The idea is that at any given time (considering "Inkom" and "TogsBort"),
there should exist no more than one record per "Hållare" value, that
also has "ÄrNull" = 1. To complicate things, each record may have
"RelateradHållare" set instead of (or in addition to) "Hållare", but
those two cases can be considered as disjoint, and be examined with two
seperate queries.
So, something like this:
select "ECO_ID"
from "Uppgift" U
where U."ÄrNull" = 1
and exists (
select 1
from "Uppgift" U2
where U2."Hållare = U."Hållare"
and U2."ÄrNull" = 1
and U2."Inkom" < coalesce(U."TogsBort", '2012-12-31')
and U."Inkom" < coalesce(U2."TogsBort", '2012-12-31')
)
But I suspect this will execute "forever".

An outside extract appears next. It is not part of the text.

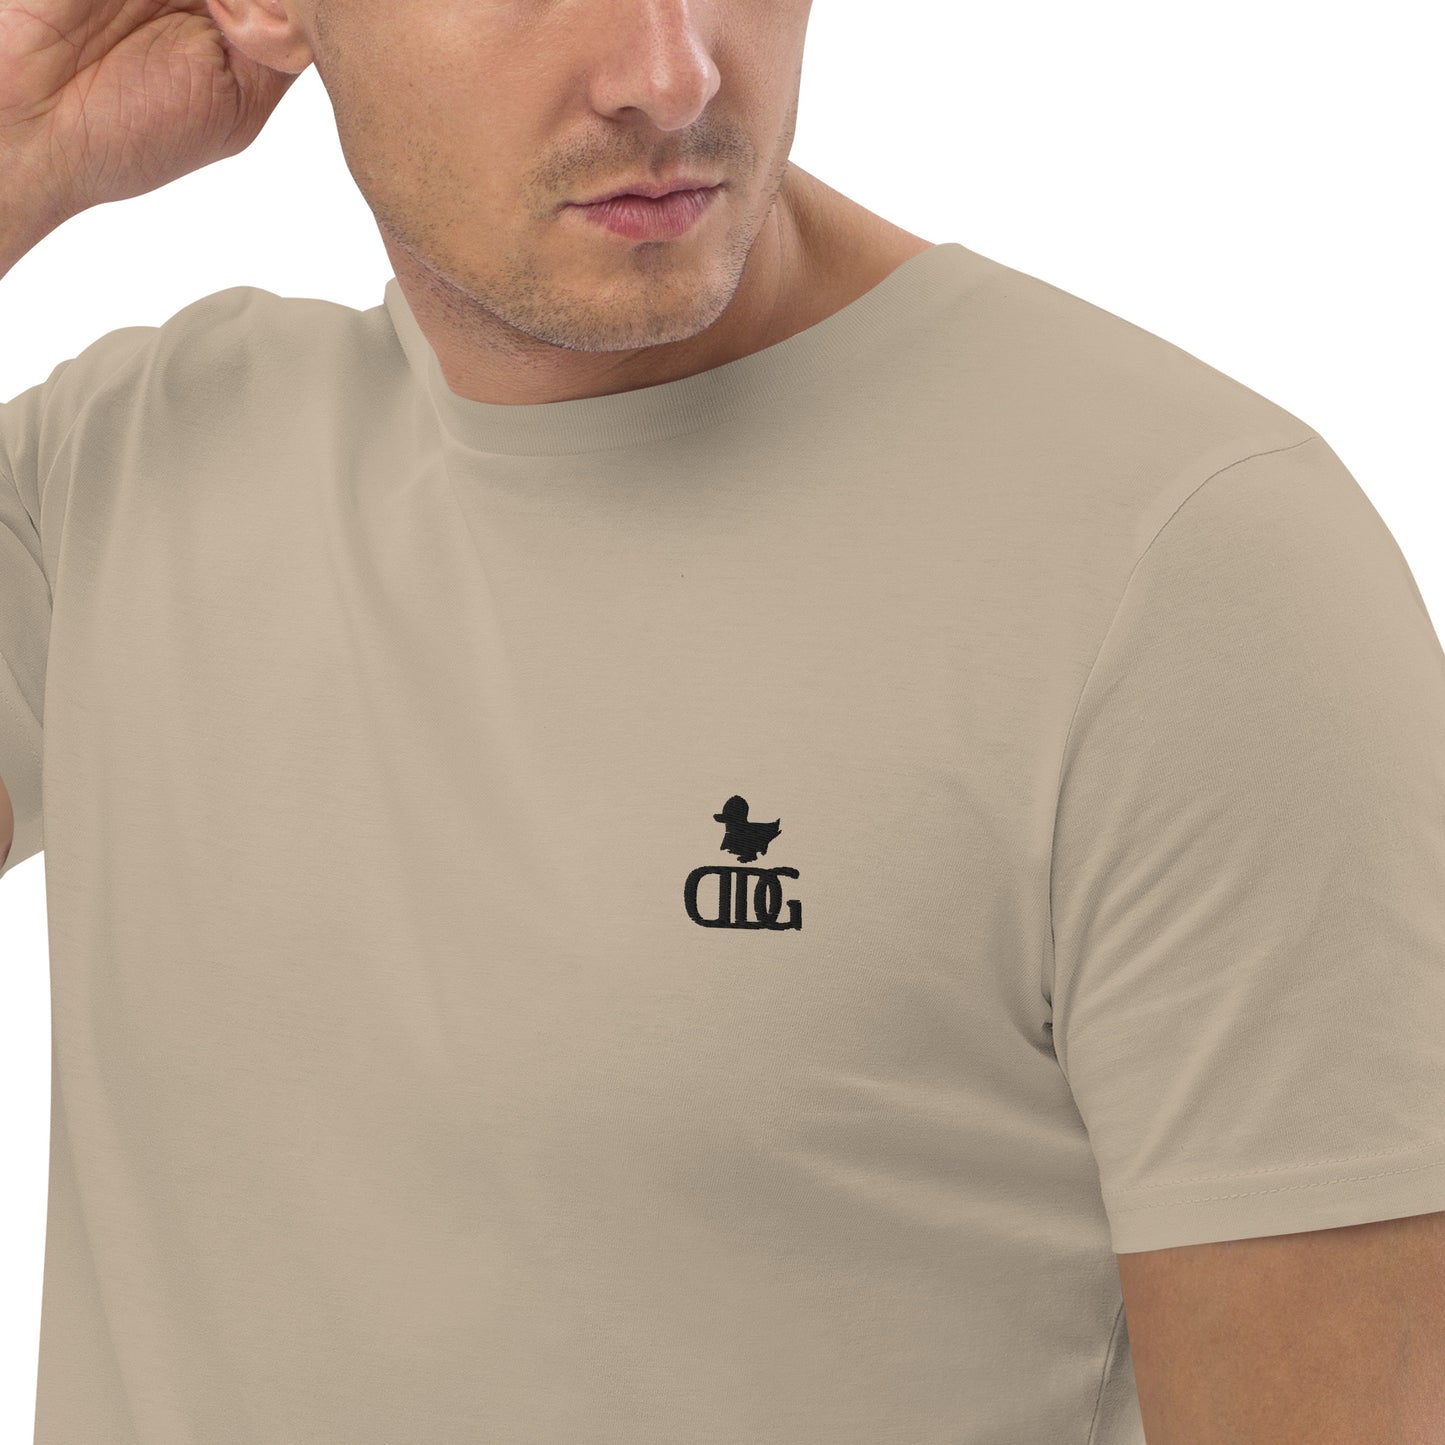 Men’s DDG cotton t-shirt
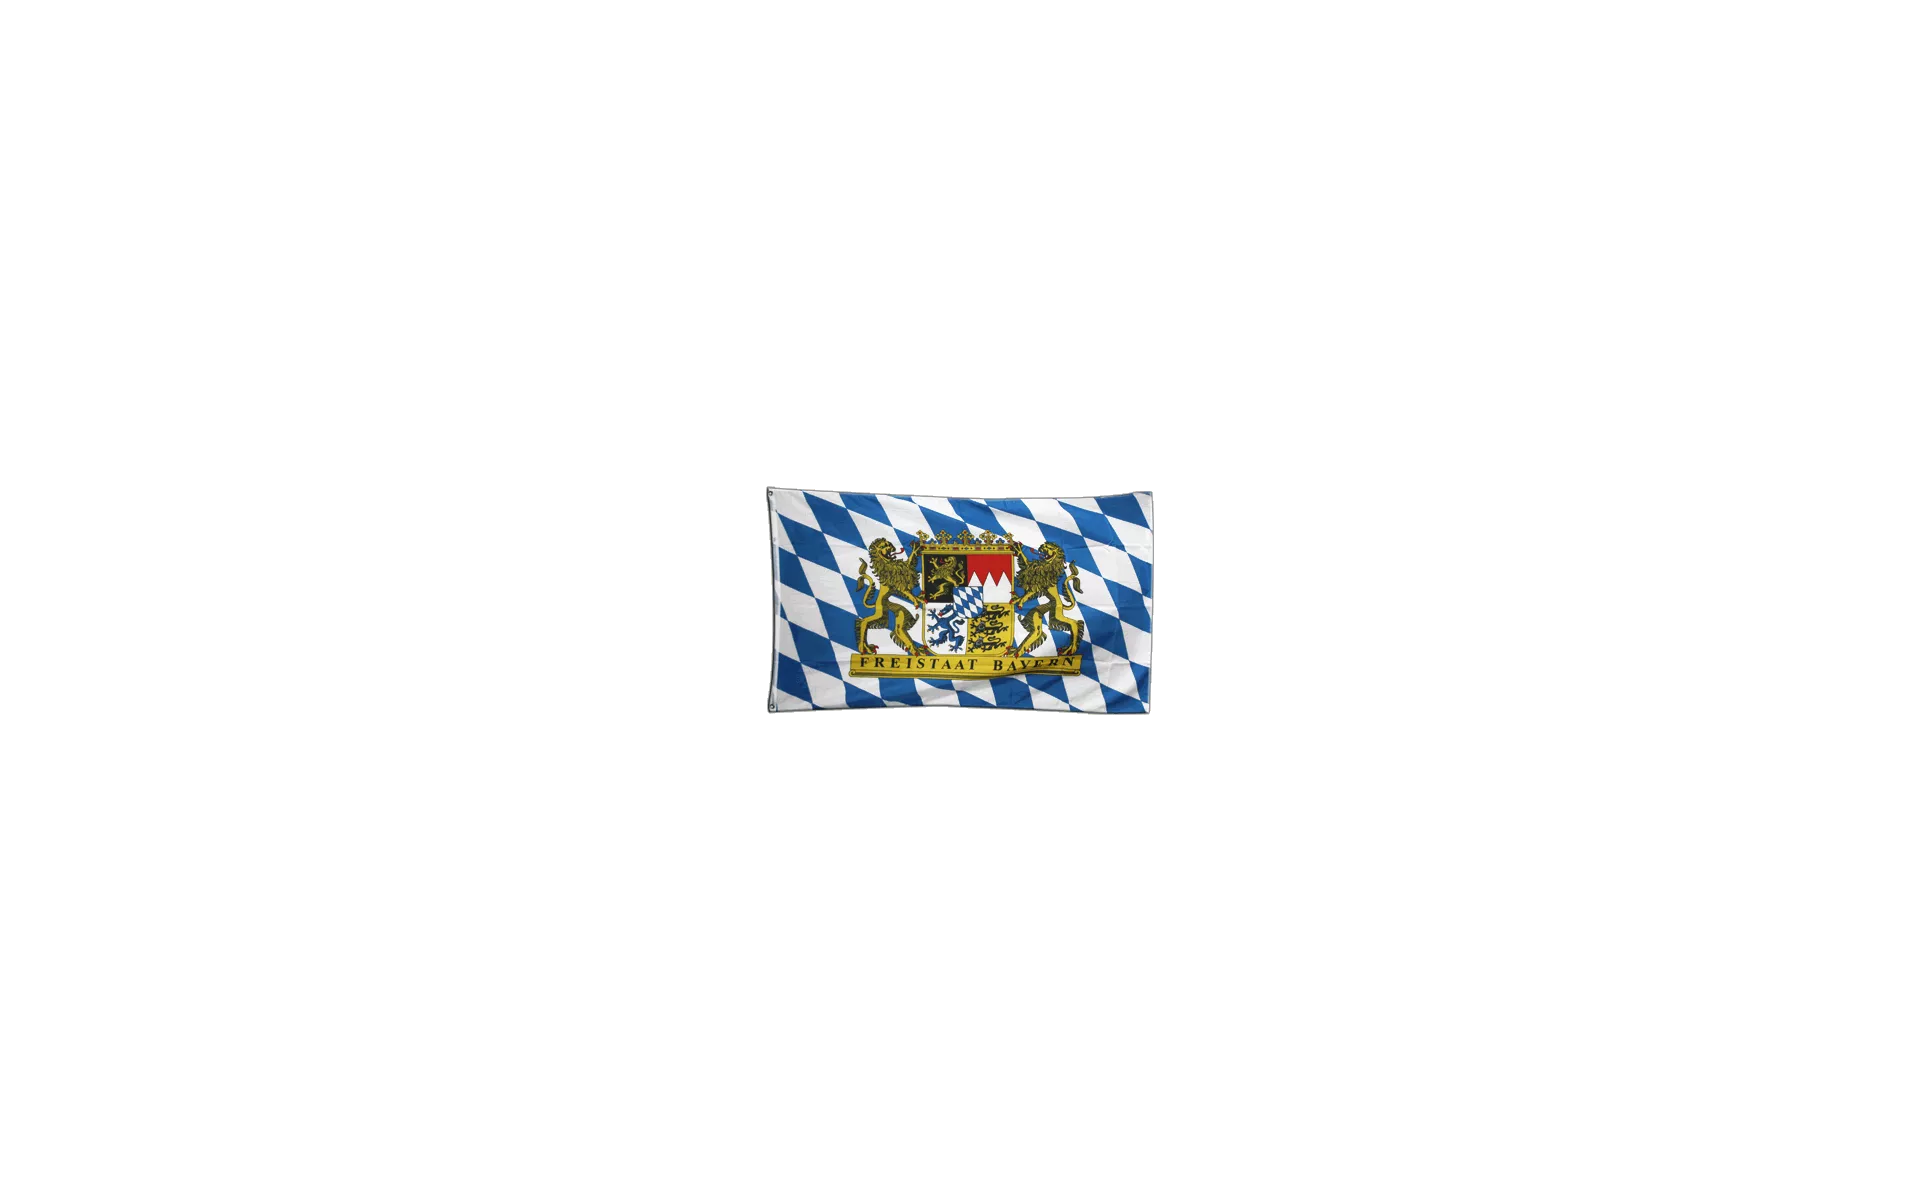 Deutschland Flagge Fahne fürs Autofenster in Bayern - Feucht

Can anyone come up with something more efficient?
CREATE TABLE "Uppgift"
(
"ECO_ID" bigint NOT NULL,
"Booleanvärde" integer DEFAULT null,
"Datumvärde" timestamp DEFAULT null,
"ECO_TYPE" smallint NOT NULL,
"Förrådsvärde" bigint,
"Heltalsvärde" integer DEFAULT null,
"Hållare" bigint,
"Inkom" timestamp DEFAULT current_timestamp NOT NULL,
"Länkobjekt" bigint,
"RelateradHållare" bigint,
"SenastBekräftad" timestamp DEFAULT null,
"Textvärde" varchar(255) DEFAULT '',
"TogsBort" timestamp DEFAULT null,
"Uppgiftsägare" bigint,
"ÄrNull" integer DEFAULT 0 NOT NULL,
"Borttagsuppdatering" bigint,
"Tilläggsuppdatering" bigint,
"SenasteÄgaruppdaterandKC_" bigint,
"GodkändFörPublicering" integer DEFAULT 1 NOT NULL,
"GodkännandeUppdatering" bigint,
CONSTRAINT "IX_PK_Uppgift" PRIMARY KEY ("ECO_ID")
-- Selectivity = 0.000000
);
CREATE INDEX "IX_Uppgift_BorttagsuppA5K" ON "Uppgift"
("Borttagsuppdatering");
-- Selectivity = 0.000012, probably about 10-30% nulls.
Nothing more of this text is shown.